Wednesday, December 01, 2010

World Cup -White Elephants

South Africa spent a whopping 38 billion rand (£3.7 billion) on stadiums and infrastructure to realise the vision of Africa's first World Cup.

Neal Collins, a South African-born author and journalist explains Fifa left behind them a shameful legacy of empty stadiums.
"The white elephants - 10 magnificent football stadiums lying empty and unused - serve as a constant reminder of the expensive legacy of the Fifa World Cup,"

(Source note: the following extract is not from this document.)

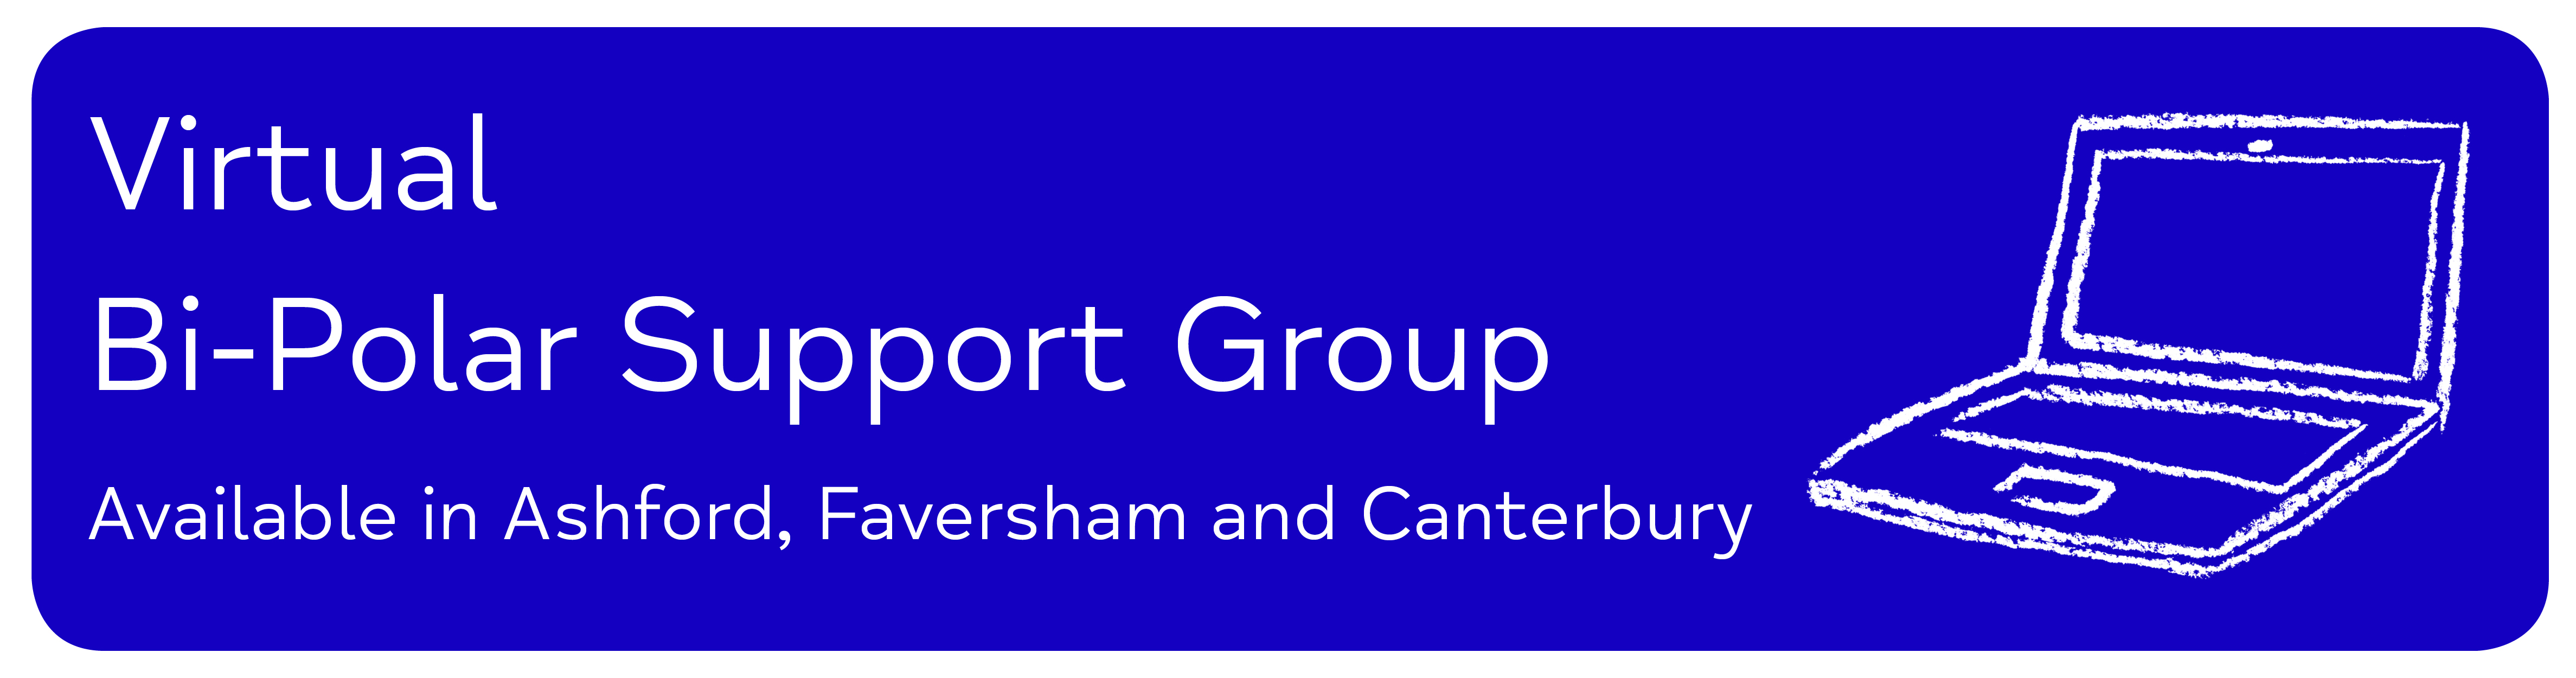 Virtual Bi-Polar Support Group Available in Ashford, Faversham and Canterbury

Collins says: "In Polokwane, the new Peter Mokabe stadium, capacity 45,000, sits unused next to the old Peter Mokabe stadium, capacity 20,000, which was quite suitable for South Africa’s northernmost city. In rural Nelspruit, the Mbombela Stadium has no suitors. Neither city has a side in the local Premier League."

In Durban the Moses Mabhida stadium was recently snubbed by neighbouring rugby team the Sharks as its operators searched for a new tenant, whilst cricket bosses are unhappy that the playing areas of all the new stadiums are too small for their sport.

Soccer City in Johannesburg served as the flagship stadium of the World Cup and largest sports venue in Africa. The 95,000 seater venue underwent a £300 million renovation before the World Cup and costs around £250,000 a month to maintain.It is regarded as the de facto national stadium for the South African football team but other than the occasional derbies between local rivals Kaizer Chiefs and the Orlando Pirates, the stadium has struggled to generate post World Cup revenue.

Cape Town's Green Point stadium, which hosted England's second group match against Algeria, hosts the odd Ajax Cape Town football match, luring an average of 7,000 supporters to the venue which has a capacity of 55,000 (reduced from 64,000) after the World Cup.